Wszystko na sprzedaż
Rock i pop w czasach wolności spsiał, stał się błahy. Ostatnie dwie dekady przetrwali tylko ci, którzy debiutowali jeszcze w PRL. Młodsi ratują się repertuarem z minionej epoki
Kiedy 4 czerwca świętowaliśmy rocznicę wyborów, które doprowadziły Polskę do niepodległości, repertuar koncertów w Gdańsku i Warszawie pozwalał wyciągnąć niewesołe dla polskiej muzyki pop wnioski. Brakowało reprezentantów pokoleń, które dojrzewały po 1989 r. Ale kogo można było zaprosić? Varius Manx? Ich Troje? Feela? A o czym istotnym oni śpiewają? Kiedy trzeba opowiedzieć o najważniejszych sprawach i emocjach, nie może się obyć bez Perfectu, T.Love, Tomka Lipińskiego, Kory, Lombardu, Lecha Janerki, Klausa Mitfocha, Voo Voo. Trzeba sięgnąć po starą gwardię, która debiutowała w okresie rockowego buntu przeciwko komunie w latach 80., wspierana, paradoksalnie, przez publiczną Trójkę. A kogo wylansowały RMF FM, Zetka, Eska? Siebie.
Antygeneracja X
Nawet gdyby znalazł się ambitny organizator pragnący zaprezentować młodszych wykonawców, miałby poważny kłopot. Z wielu powodów: młode zespoły grają słabo albo śpiewają o pierdołach.

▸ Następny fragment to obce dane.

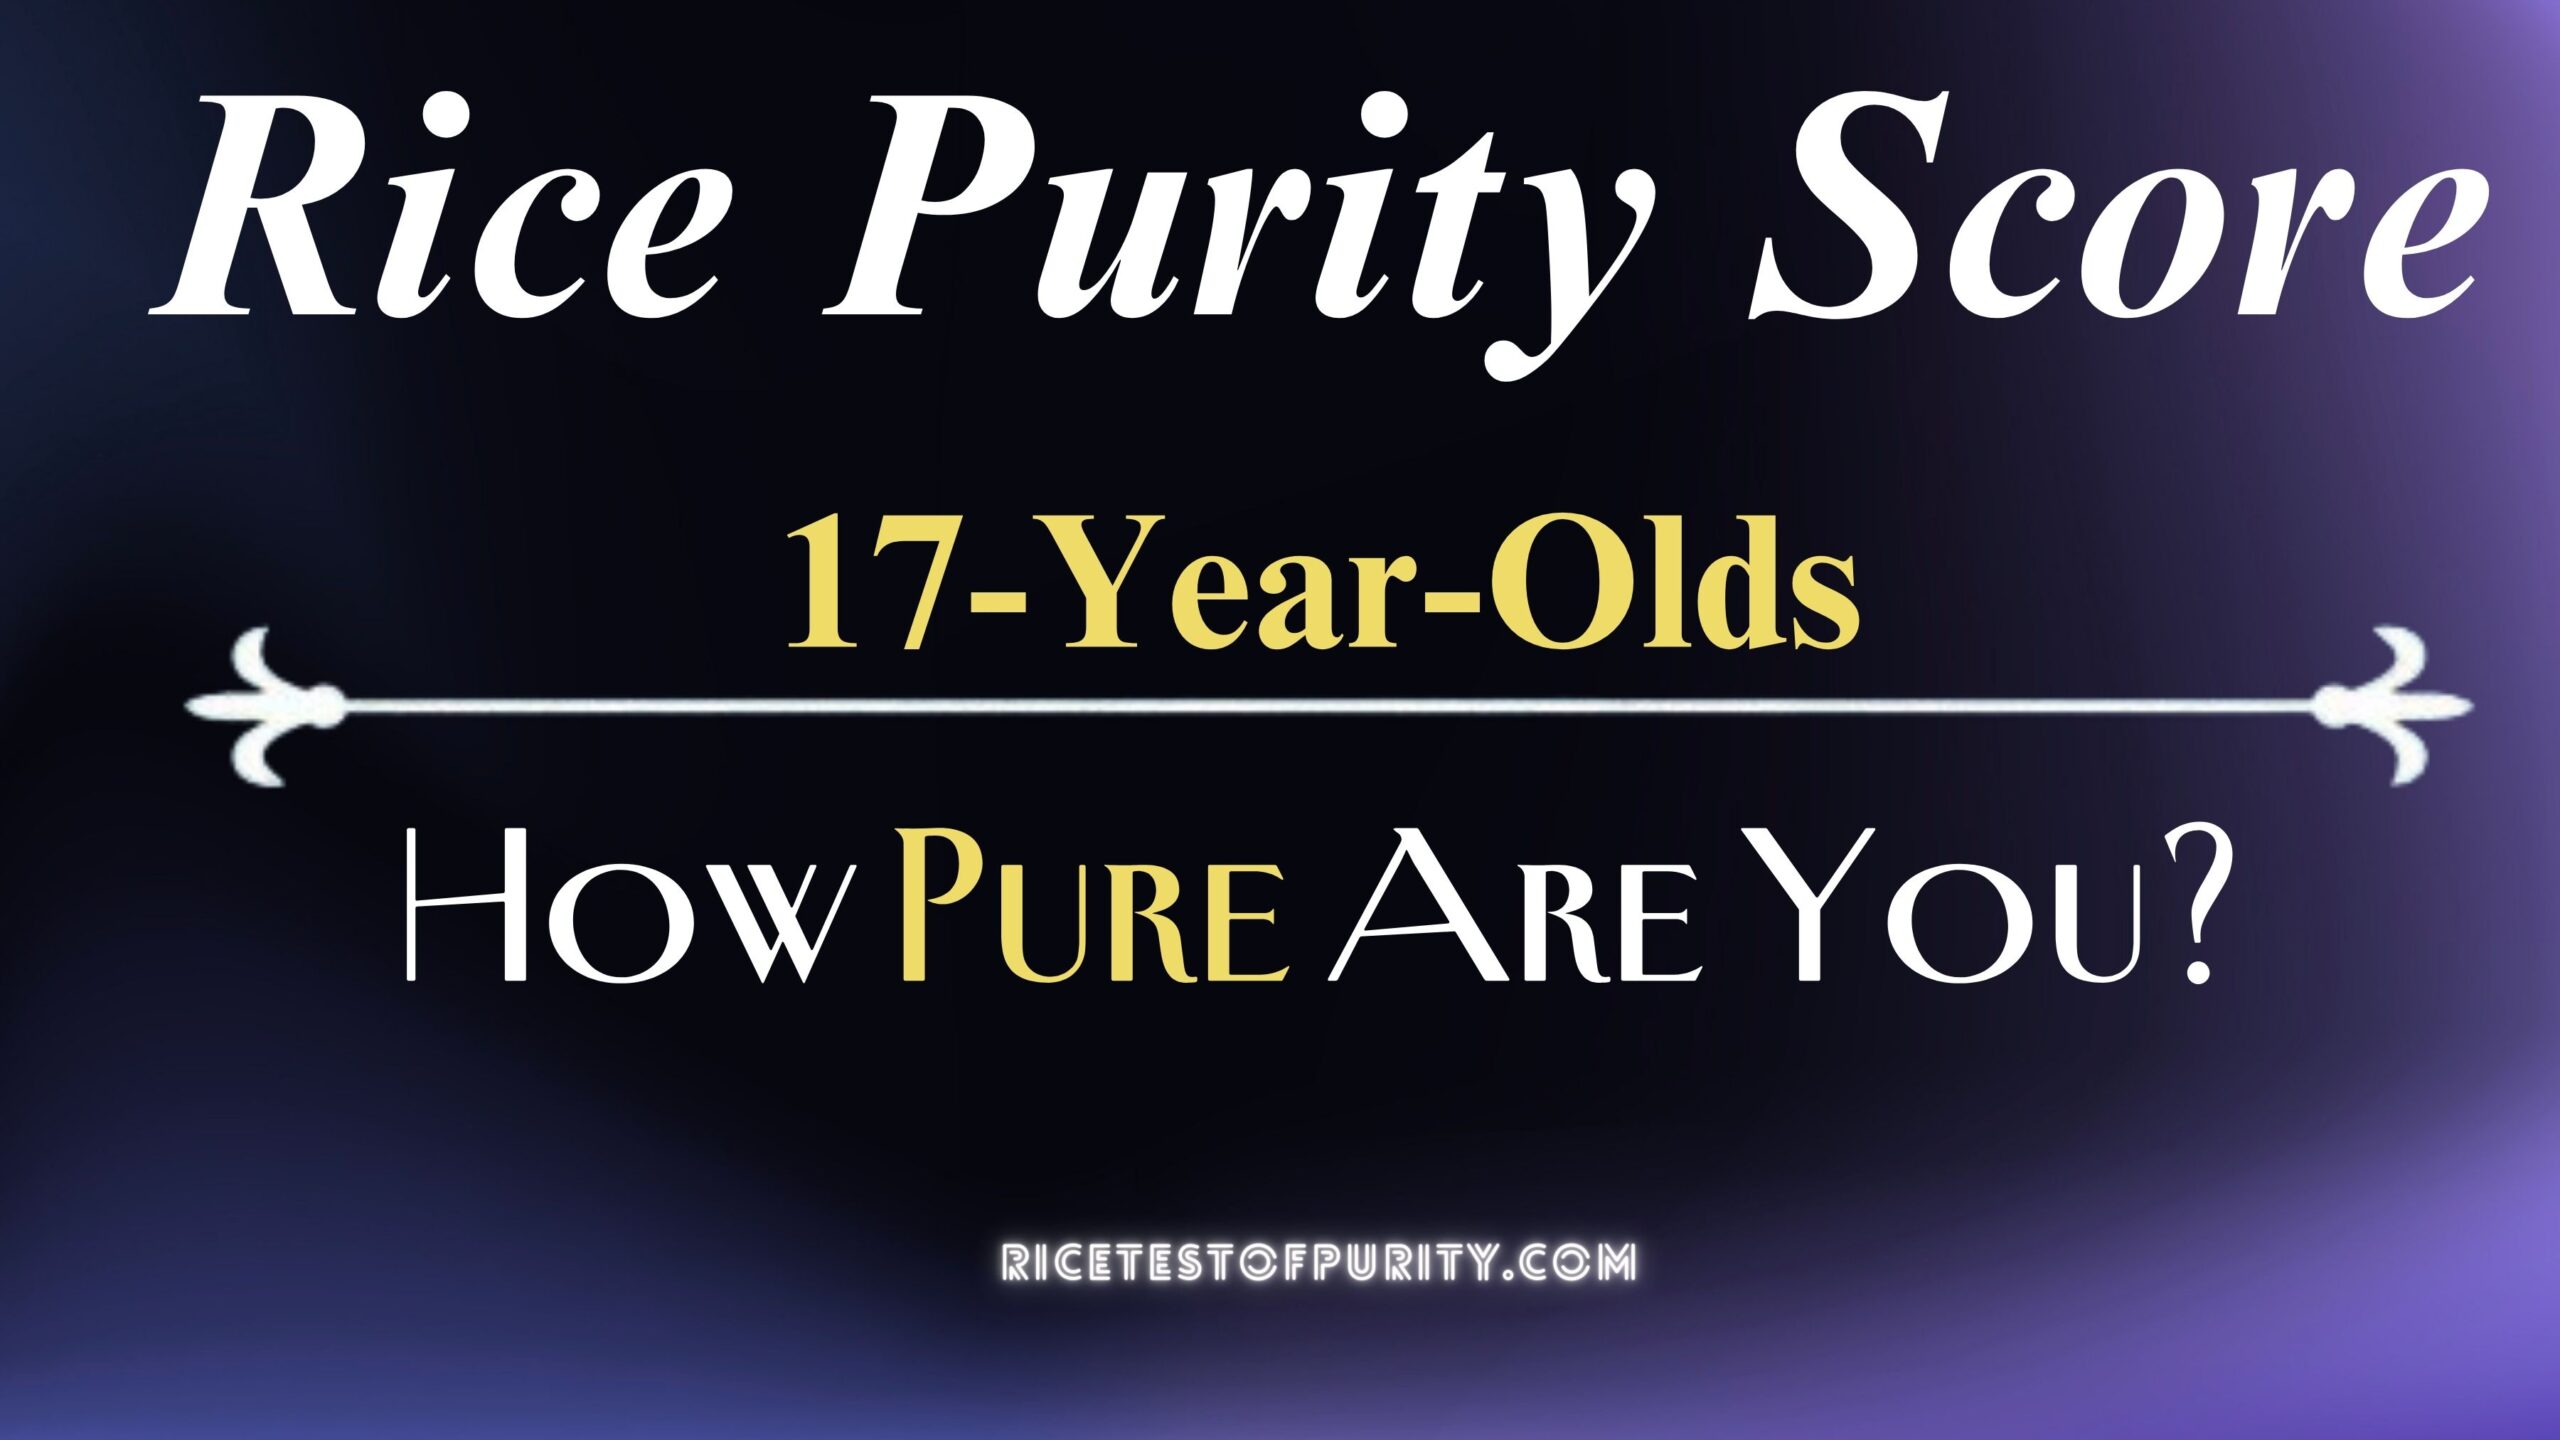 Rice Purity Score for 17-Year-Olds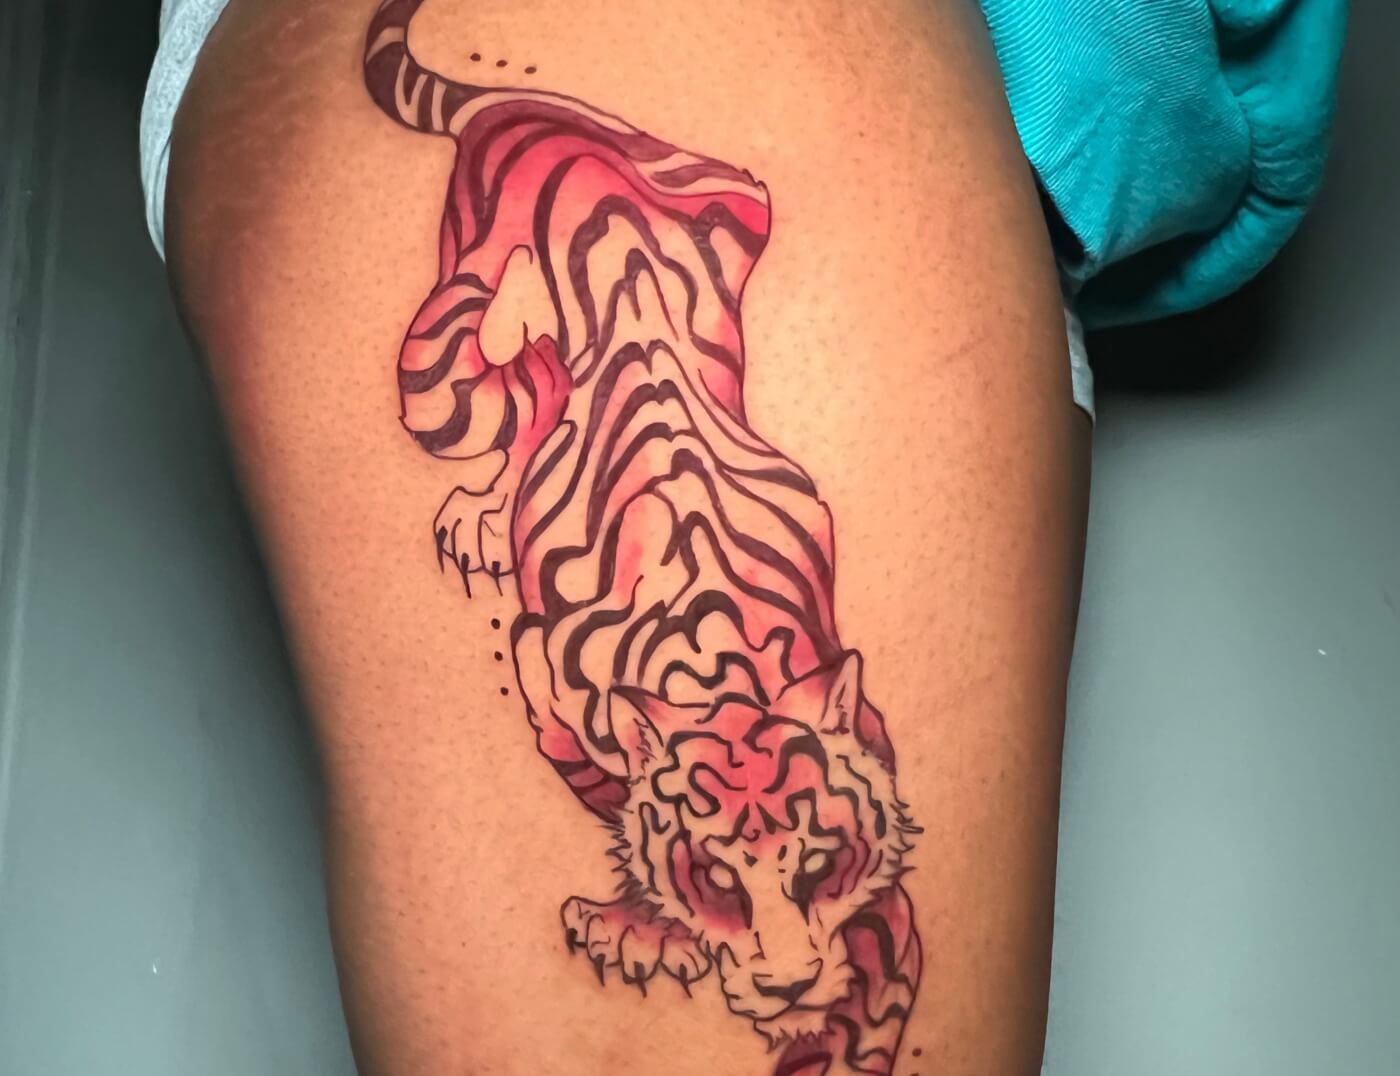 Red Tiger Tattoo By Funk Tha World at Iron Palm Tattoos In Atlanta. Combining the color red with a tiger tattoo signifies the intensity of the tiger's strength and the passion of the person wearing the tattoo.We're open late night until 2AM. Call 404-973-7828 or stop by for a free consultation.

Do wyjątków należą Pustki. Ale to grupa dla koneserów. Kto o nich słyszał? Pewnie nie są bez winy. Piszą teksty mocno introwertyczne, subiektywne, które ostatecznie mogłyby się stać głosem pokolenia, ale tylko rozproszonego, rozbitego, zdezintegrowanego. Pokolenia X. Antygeneracji. No to są.
Losy innych wartościowych zespołów, które zadebiutowały po 1989 r., robią...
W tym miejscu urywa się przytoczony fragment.